All nine olcDatabase entries on mail.cloonar.com currently set olcDbDirectory = "/var/lib/openldap/data". There is a single LMDB environment (one data.mdb + one lock.mdb) on disk shared across the primary cloonar database and every per-Tenant database. The setup works only because slapd-mdb uses fixed sub-database names internally (id2entry, dn2id, etc.) — every Tenant's entries coexist in the same store, and slapd's per-request suffix routing is what keeps a query against dc=superbros,dc=tv from returning entries belonging to dc=cloonar,dc=com.

Concrete consequences of the shared-env shape:

  • Backups cannot be taken per Tenant. A borgbackup of the LMDB env is all-or-nothing.
  • slapcat -b <suffix> does not return per-suffix data — it dumps the entire shared env regardless of which -b is passed.
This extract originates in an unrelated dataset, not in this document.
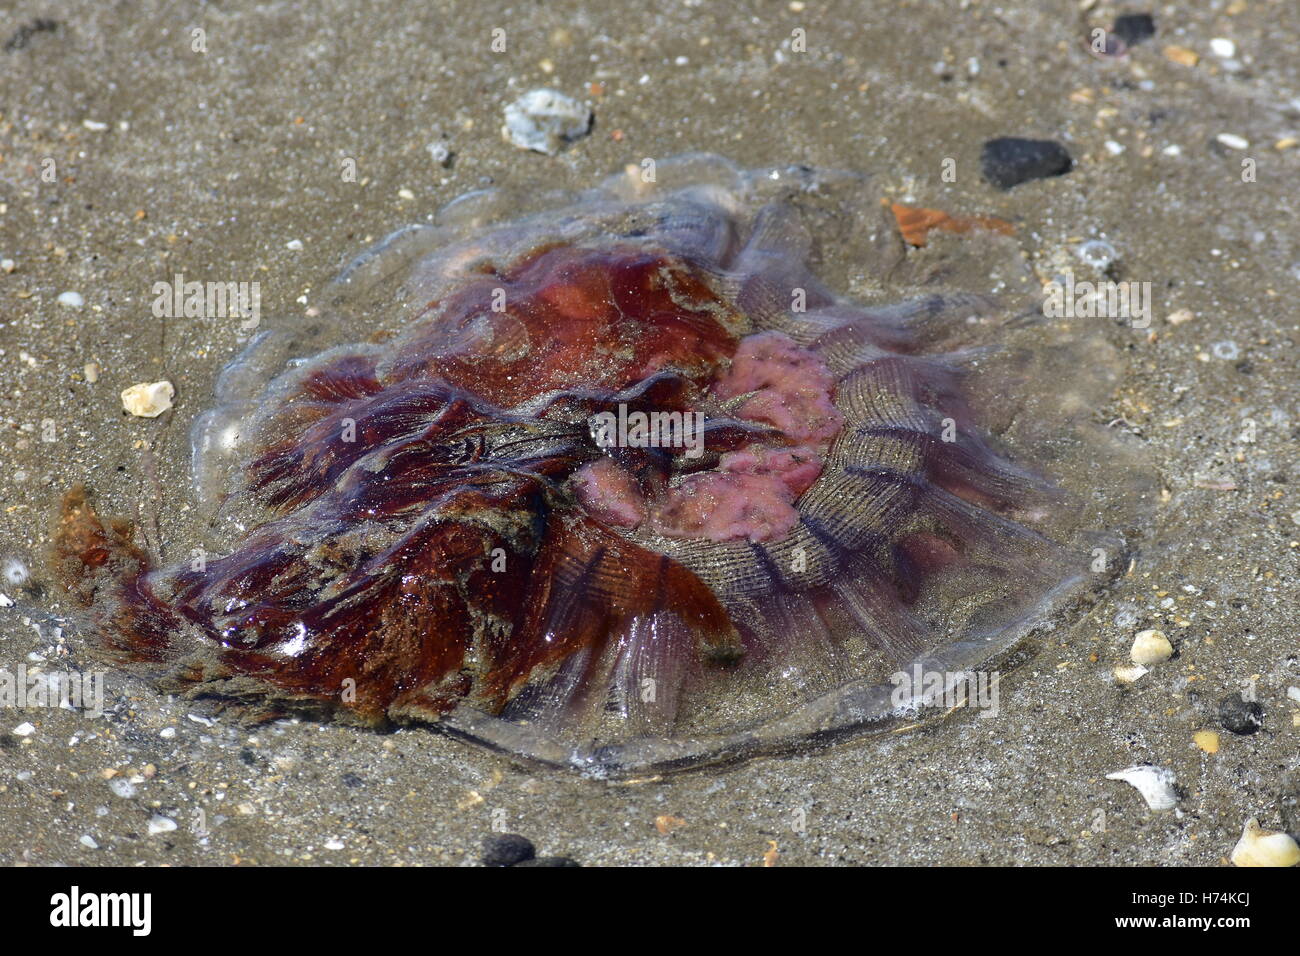 Large jellyfish washed up on the sand. Stock Photo

Tooling assuming standard slapd-mdb semantics misbehaves.
  • Audit and forensics are coarse: "what does dc=foo,dc=bar contain on disk" cannot be answered without parsing the full env.
  • The env's LMDB size limit applies globally across all Tenants combined.
  • Two suffixes currently have entries in the env that are not served by any configured olcDatabase: dc=optiprot,dc=eu (8 entries) and dc=ghetto,dc=at (1 entry). Plus a typo entry dc=cloonar,dc=co (1 entry, .co not .com). These ride forward in every backup as cruft.
  • New engineers reading the Nix config see nine databases pointing at one directory and reasonably assume it is a bug. ADR-0001 documents the deliberateness, but the canonical fix is to make storage match topology.

Solution

Migrate each Tenant onto its own LMDB environment by setting olcDbDirectory = "/var/lib/openldap/<tenant-slug>/", where <tenant-slug> is derived deterministically from the olcSuffix. This is a one-time offline migration on mail.cloonar.com: snapshot the existing env, slapcat it to a single LDIF, split the LDIF into per-Tenant LDIFs by DN suffix, switch the Nix config, then slapadd each filtered LDIF into its Tenant's new directory.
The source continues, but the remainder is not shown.